Fast consumer drives make it possible to build RAID systems at lower cost than with SCSI, but most ATA RAID controllers lack a dedicated buffer or high-performance XOR hardware for parity calculation. As a result, ATA RAID performs relatively poorly compared to most SCSI RAID controllers. Additionally, data safety suffers if there is no battery backup to finish writes interrupted by a power outage.

==OS support==
Because the hardware RAID controllers present assembled RAID volumes, operating systems aren't strictly required to implement the complete configuration and assembly for each controller. Very often only the basic features are implemented in the open-source software driver, with extended features being provided through binary blobs directly by the hardware manufacturer.

Normally, RAID controllers can be fully configured through card BIOS before an operating system is booted, and after the operating system is booted, proprietary configuration utilities are available from the manufacturer of each controller, because the exact feature set of each controller may be specific to each manufacturer and product.
Unlike the network interface controllers for Ethernet, which can be usually be configured and serviced entirely through the common operating system paradigms like ifconfig in Unix, without a need for any third-party tools, each manufacturer of each RAID controller usually provides their own proprietary software tooling for each operating system that they deem to support, ensuring a vendor lock-in, and contributing to reliability issues.

For example, in FreeBSD, in order to access the configuration of Adaptec RAID controllers, users are required to enable Linux compatibility layer, and use the Linux tooling from Adaptec, potentially compromising the stability, reliability and security of their setup, especially when taking the long term view in mind. However, this greatly depends on the controller, and whether appropriate hardware documentation is available in order to write a driver, and some controllers do have open-source versions of their configuration utilities, for example, mfiutil and mptutil is available for FreeBSD since FreeBSD 8.0 (2009), as well as mpsutil/mprutil since 2015, each supporting only their respective device drivers, this latter fact contributing to code bloat.

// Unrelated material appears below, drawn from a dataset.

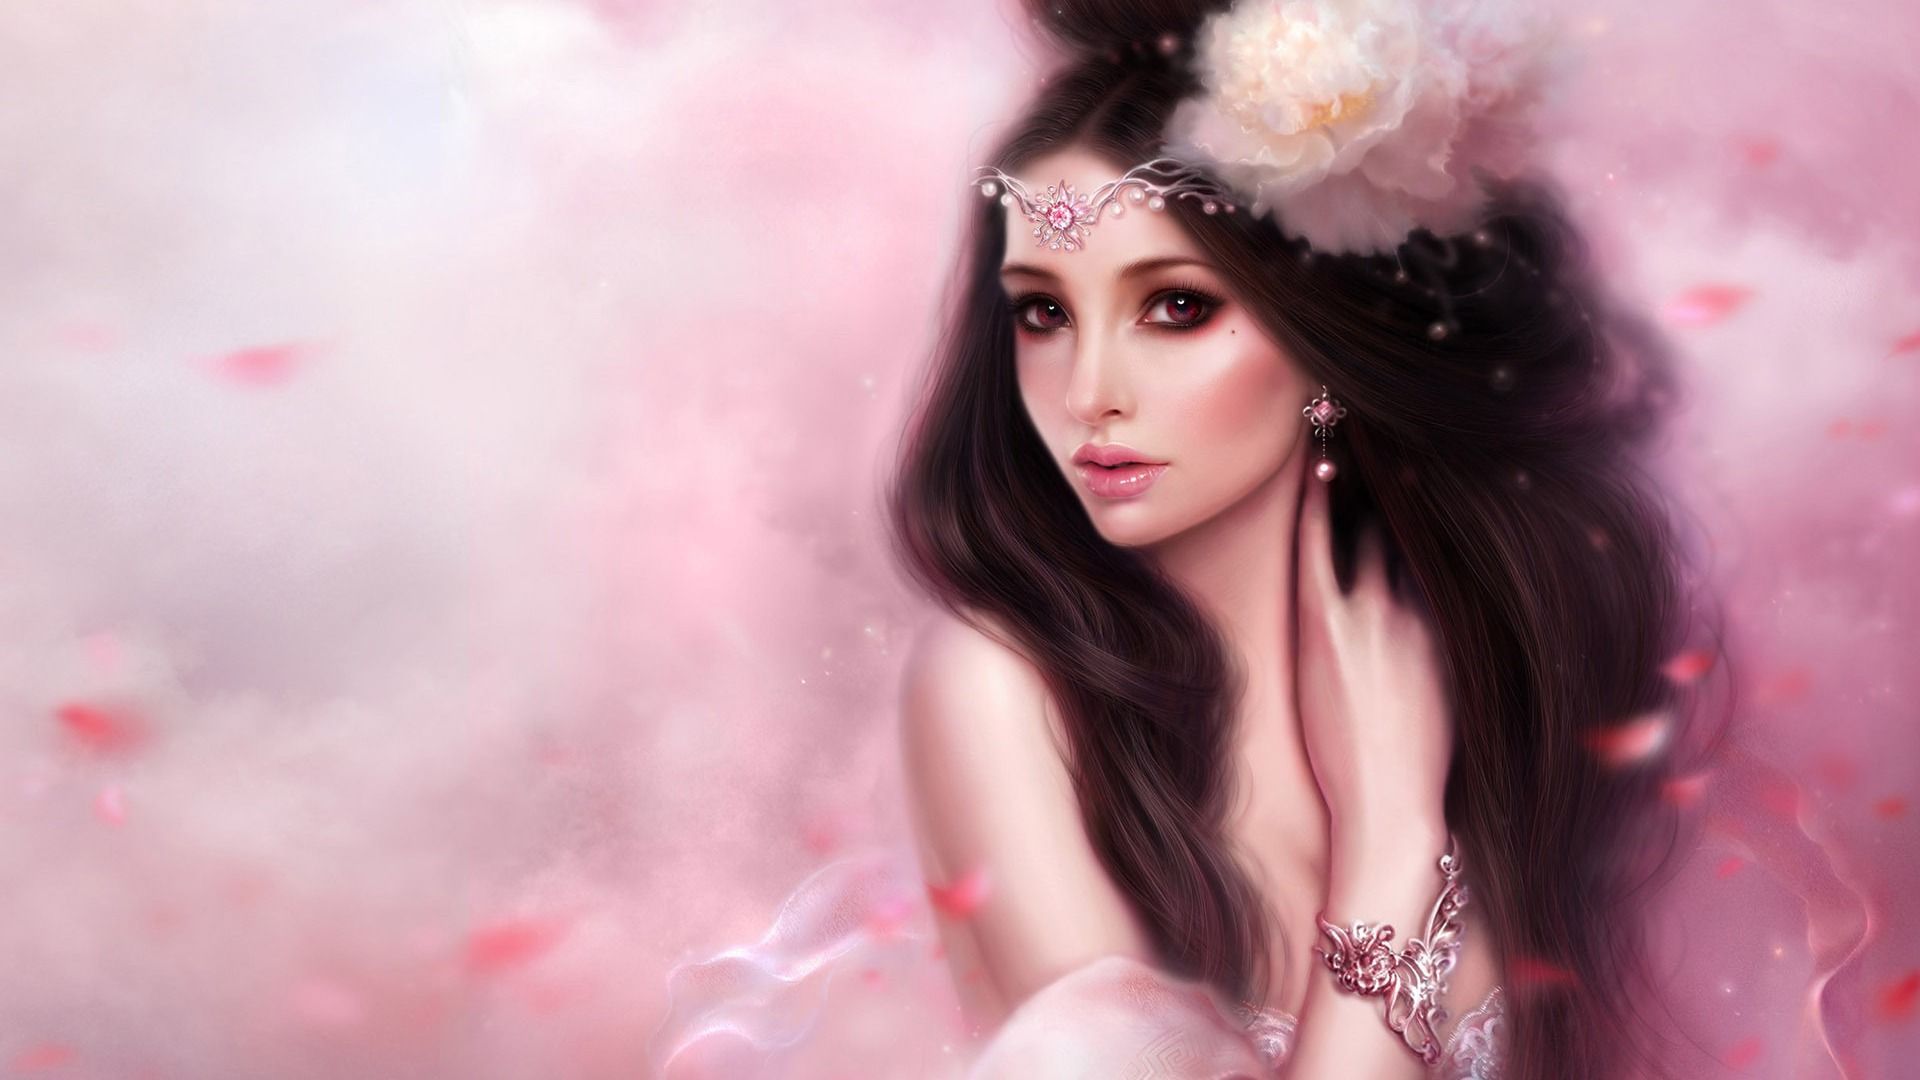 Beautiful Princess wallpaper HD free. Fantasy art women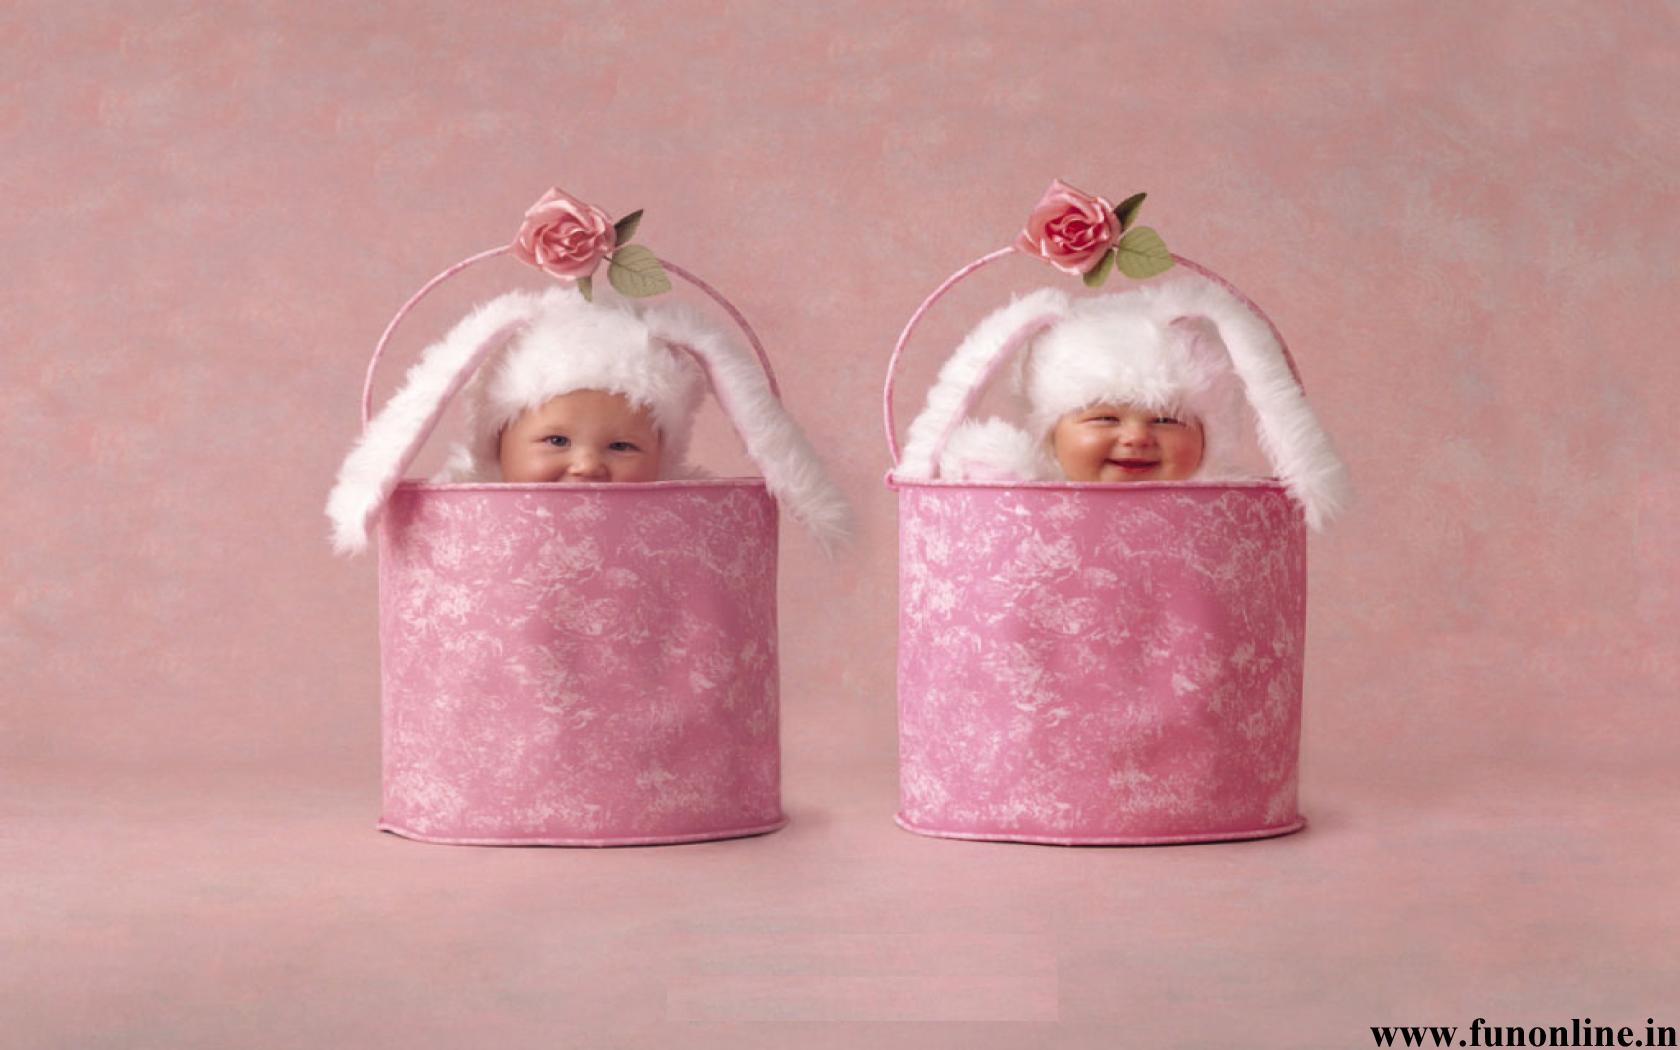 Cute Twin Babies In Bunny Costume Sitting In Basket Wallpaper

Some other operating systems have implemented their own generic frameworks for interfacing with any RAID controller, and provide tools for monitoring RAID volume status, as well as facilitation of drive identification through LED blinking, alarm management, hot spare disk designations and data scrubbing § RAID from within the operating system without having to reboot into card BIOS. For example, this was the approach taken by OpenBSD in 2005 with its bio(4) pseudo-device driver and the bioctl utility, which provide volume status, and allow LED/alarm/hotspare control, as well as the sensors (including the drive sensor) for health monitoring; this approach has subsequently been adopted and extended by NetBSD in 2007 as well.

With bioctl, the feature set is intentionally kept to a minimum, so that each controller can be supported by the tool in the same way; the initial configuration of the controller is meant to be performed through card BIOS, but after the initial configuration, all day-to-day monitoring and repair should be possible with unified and generic tools, which is what bioctl is set to accomplish.